Traditional mechanical components from Centa Tranmissions are now finding applications within the global renewable energy industry – in wind turbines, tidal power generation plants and hybrid vehicles
The latest government energy policy set out in the 2012 Energy Bill aims to reduce dependence on fossil fuels and produce 30% of electricity from renewable sources by 2020. This will create opportunities for UK businesses with the skills to be at the forefront of growth and innovation in the renewable energy sector. However, according to Michael Sykes, gears manager at Centa Transmissions, if the Government wants to make tracks with their energy policy, they need “to first focus on offering support to UK manufacturers”.
Manufacturing and engineering for the renewable energy sector is, for the most part, overseas, but this is one of those opportunities where the UK should be top of the tree.
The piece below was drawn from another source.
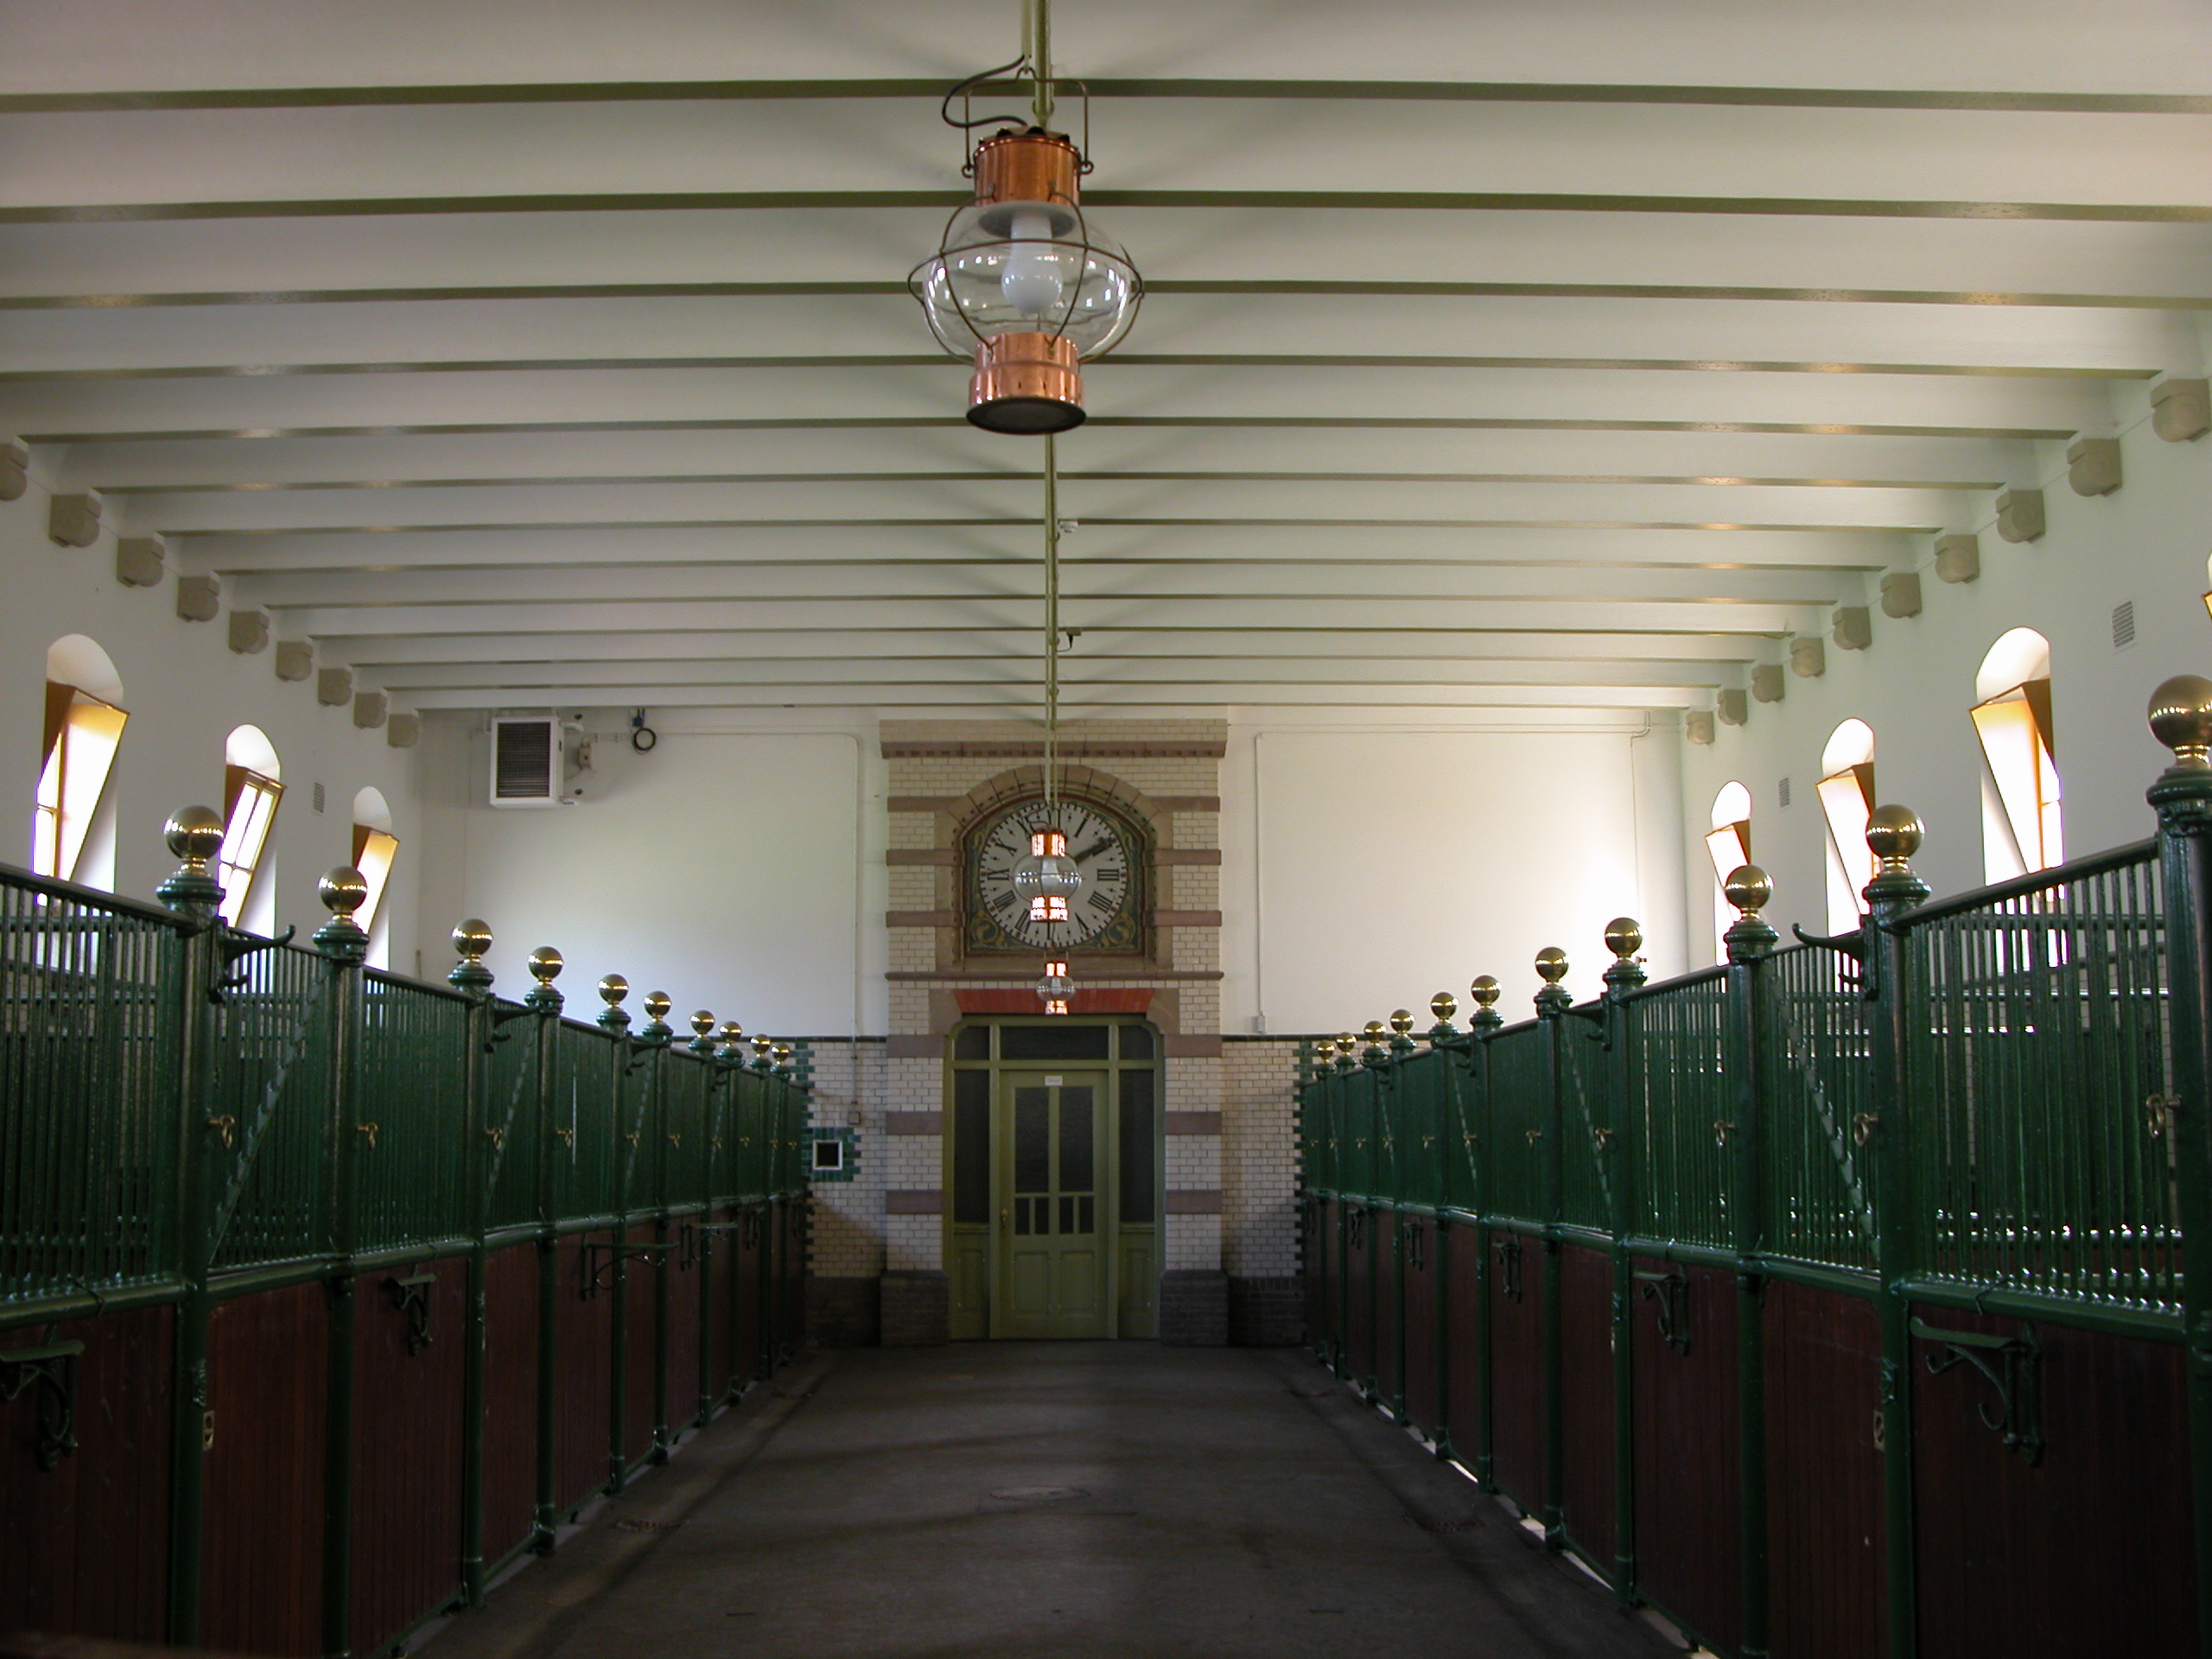 station waiting room rooms gate gates locked old nineteenth 19th century age of steam

For original ideas, conceptual design and prototype development, this has been the case for UK manufacturing and engineering for many years – and in order for the renewable energy industry to thrive, it is imperative that the Government not only listens to the thoughts and ideas of the industry, but actually acts on them.
The long-term vision of Government energy policy is paramount and we should not forget their commitment to a low carbon economy. The very nature of renewable energy, although there are some small localised generation devices which should not be ignored, is based around high cost, high stake, long-term engineering projects. Long-term is the off-putting factor for the UK Government when it comes to manufacturing.
Wind turbines are a prime example, as the time span to design and bring the technology to market is around ten years. Other Governments have seen this and are eager to assist their local industry, and as a result we are seeing a strong wind turbine manufacturing presence in countries like Spain, Denmark, Germany and Norway.
“That is why Centa likes to get involved at the design stage, enabling us to offer all our technical expertise, helping our customers through this period and thus ensuring they need not look elsewhere for those skills – keeping the manufacturing process solely in the UK,” said Sykes.
Centa has been providing versatile and robust mechanical power transmissions for 33 years, and is using proven ‘old’ technology to help drive new and innovative systems, particularly in green energy.
Marine Current Turbines in Northern Ireland, for example, has had its system in place since 2008 and these have been producing electricity for the grid ever since. For this, Centa provided couplings for the original prototypes, with zero defects and no problems, and has helped extensively with prototyping and validation ever since.
Centa applications have also helped to create an underwater tidal power generation plant that combines many of its products in the design. Planetary gearboxes, Cyclo precision gears and special bevel gearboxes combine with electro-magnetic clutches, electrically insulating CENTALINK shafts, powerful disc brakes, specially designed ‘Centa Freewheels’ and electromagnetic clutches, to create a truly bespoke solution.
Sykes commented: “We find our strength is in the integration of innovative, high performance products, meaning we start with the initial design and then integrate the most suitable Centa products until we arrive at the optimum solution. The Freewheels are a new Centa innovation that stops the plant from reversing its rotation as the tides ebb and flow.”
The company has also worked with various suppliers to devise independent hybrid drives that enable buses to switch from diesel engines to non-polluting electric motors when moving within a city centre environment.
A further example of how Centa products have been adapted across various sectors is the CENTADISC-C, a very strong yet lightweight composite shaft that is predominantly used in ships and boats. This has now been employed in wind turbines, normally to connect the turbine speed increasing gearbox and the generator, but can also be installed between the turbine blade nacelle and the speed increasing gearbox.
Special three-way spiral bevel gears are used for pitch actuation, which ensures that the turbines point into the wind at all times for maximum benefit. A similar gear combination is also used in Tidal Turbines to ensure that the plant is maximising tidal direction, ebb and flow.
With the Government’s help, Centa and other manufacturers can start to adapt and develop their own product lines for the renewable energy sector, ensuring Britain can grow and lead innovation in the global manufacturing sector.